Table 1 The current state of checkpoint inhibitors in gynecologic carcinoma (as of May 2021).

All solid tumors

• Advanced/metastatic solid tumors are FDA-approved candidates for pembrolizumab in the setting of MMRd/MSI-H. Across solid tumors in this category, responses have been observed in 53% with complete responses in 21%^14,15.

• Advanced/metastatic solid tumors are FDA-approved candidates for pembrolizumab in the setting of high TMB on (FoundationOne assay, ≥10 mutations per megabase). 29% of high TMB solid tumors have shown response to this therapy including 4% with complete responses³².

Endometrial carcinoma

• Many advanced endometrial cancers qualify for pembrolizumab based on the FDA approval in MMRd/MSI-H solid tumors, with 78% of qualifying cases showing either response or stable disease following this therapy^14,15.

• Dostarlimab is FDA-approved for advanced MMRd endometrial cancers using a specific companion diagnostic assay (Ventana MMR Dx)³⁴.

• Pembrolizmuab is FDA-approved in combination with the VEGFR kinase inhibitor lenvatinib for recurrent/advanced endometrial cancers irrespective of biomarker status; trial data demonstrated response in 40% of patients who received this combination¹⁷.

• Trials in PD-L1-positive endometrial cancer which did not require MMRd/MSI-H showed partial response to pembrolizumab in 13% with stable disease in another 13%¹⁶.

• POLE-mutated endometrial cancers have shown complete regression following treatment with nivolumab^29,30.

Cervical carcinoma

• Pembrolizumab is FDA-approved for PD-L1-positive (CPS ≥  1) recurrent/advanced cervical carcinomas.

• The majority (~80%) of cervical squamous carcinomas and adenocarcinomas will meet the threshold for PD-L1-positivity.

• 14% of PD-L1-positive advanced tumors show some response but <3% demonstrate complete response^18,19.
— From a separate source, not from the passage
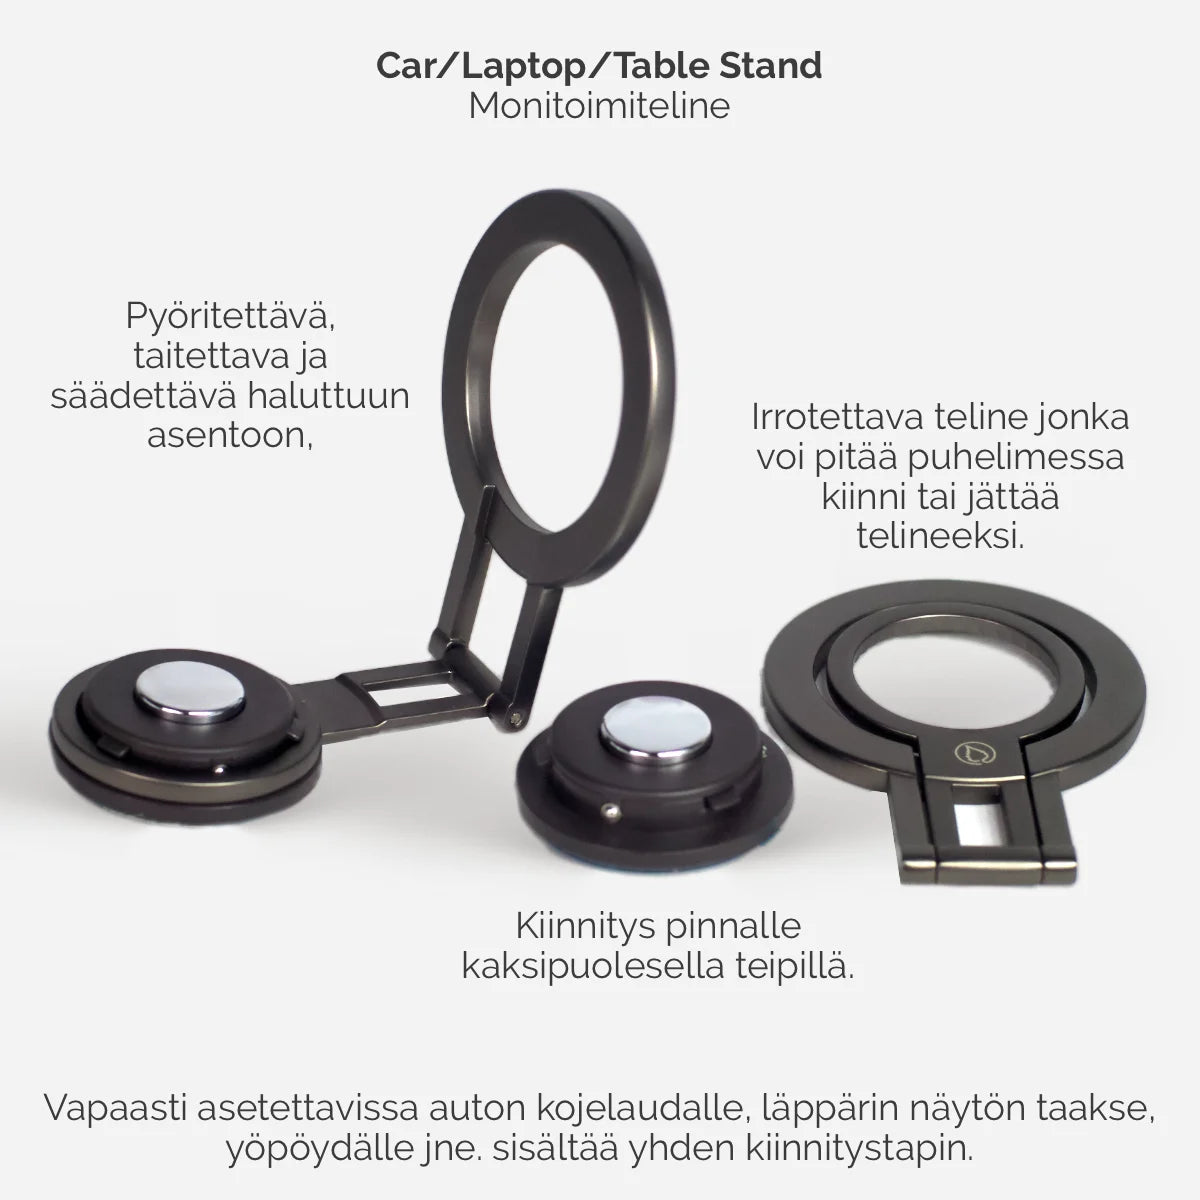 Finnish Army Camo Phone Case - M05

• 2.6% of cervical cancers are MMRd/MSI-high and 14.9% are TMB-high, offering additional avenues for pembrolizumab access;^51,63 however, the majority of these cases would already qualify based on PD-L1 expression.

Vulvar carcinoma

• No tumor-specific FDA approvals exist.

• Responses to pembrolizumab have been reported in recurrent squamous cell carcinoma of the vulva²⁰.

Ovarian carcinoma

.• No tumor-specific FDA approvals exist.
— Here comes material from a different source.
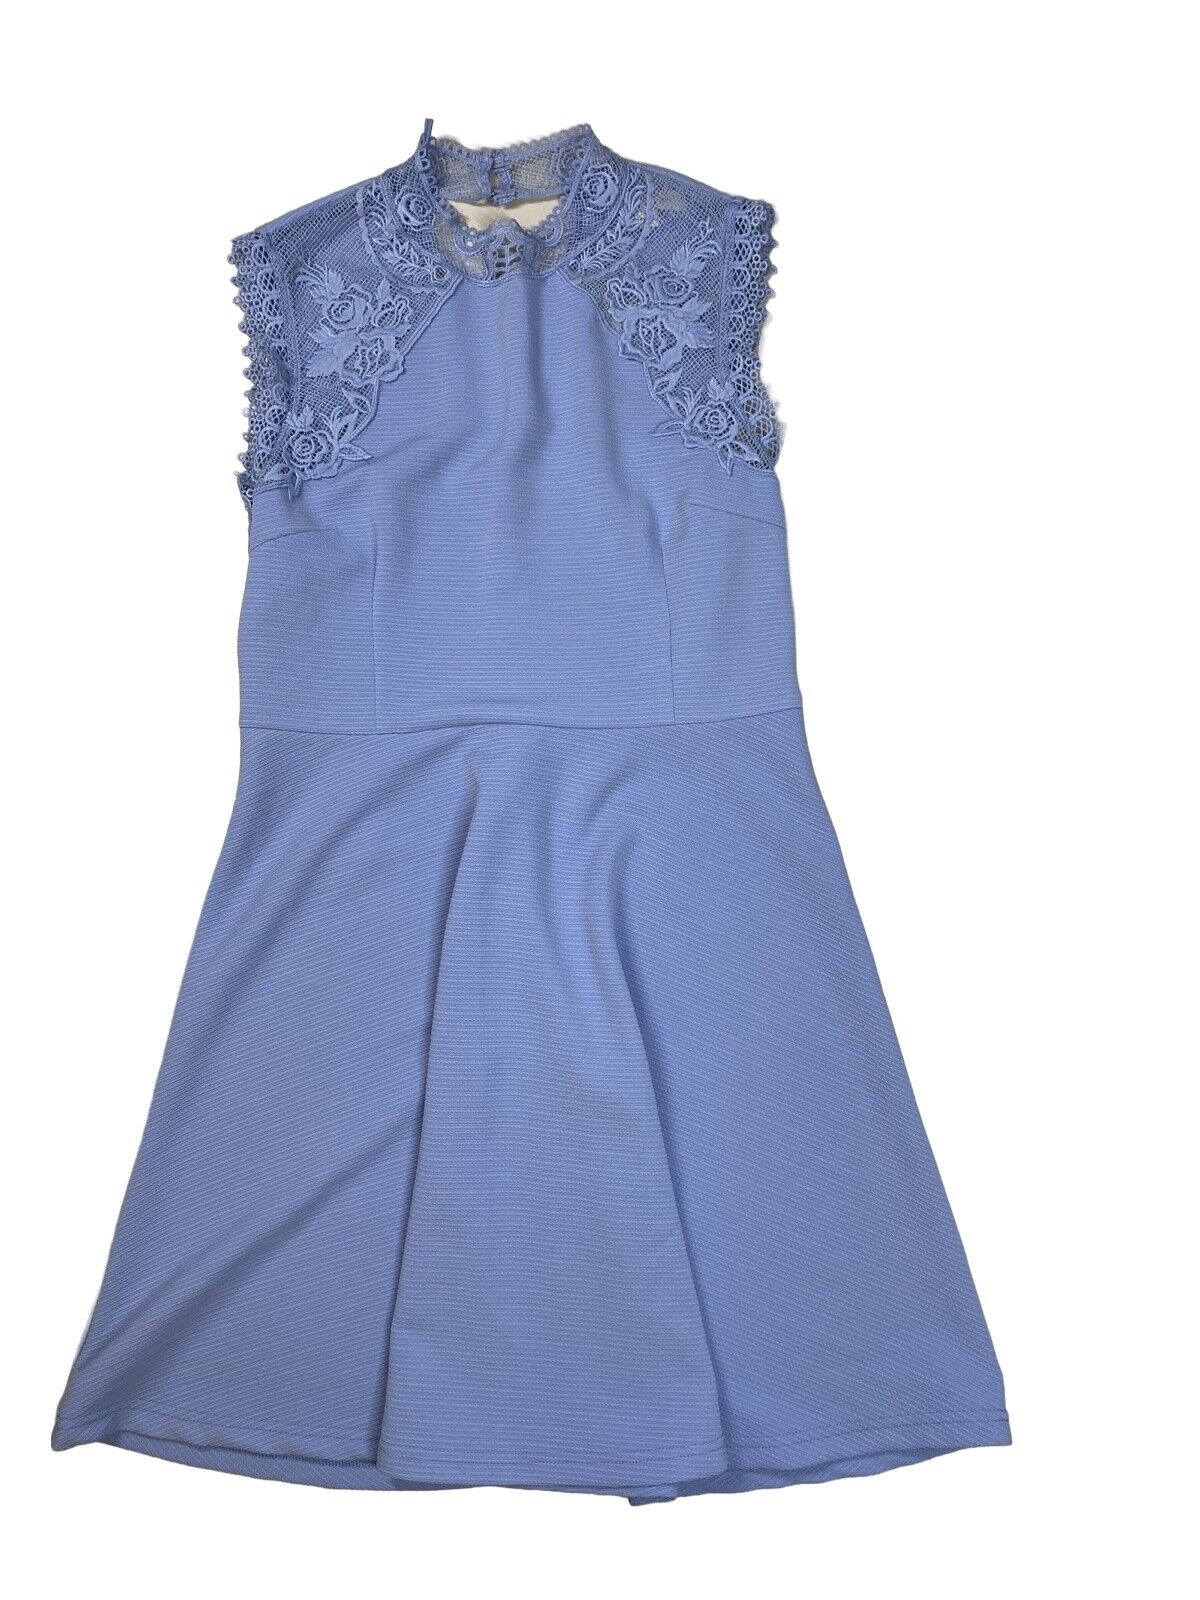 NEW Francesca's Women's Oxford Blue Sleeveless Lace A-Line Dress - L

• Up to 10% of endometrioid and clear cell ovarian carcinomas and 1–2% of ovarian serous carcinomas will qualify for pembrolizumab based on MMRd/MSI-H^49,50,51,52.

• Pembrolizumab and nivolumab have been shown to have anti-tumor activity in some cases of platinum-resistant ovarian cancer^21,22

Gestational trophoblastic tumors

• No tumor-specific FDA approvals exist.

• Avelumab provided cures for 50% of patients with chemotherapy-resistant gestational trophoblastic tumors in a recent trial²³.

Uterine sarcomas

• No tumor-specific FDA approvals exist.

• When administered as a single-agent, nivolumab did not show benefit among previously treated women with advanced uterine leiomyosarcoma²⁴.

• Trials from sarcomas across anatomic sites have shown rare cases of uterine leiomyosarcoma with therapeutic response or disease stabilization following anti-PD-1 treatment^25,26,27.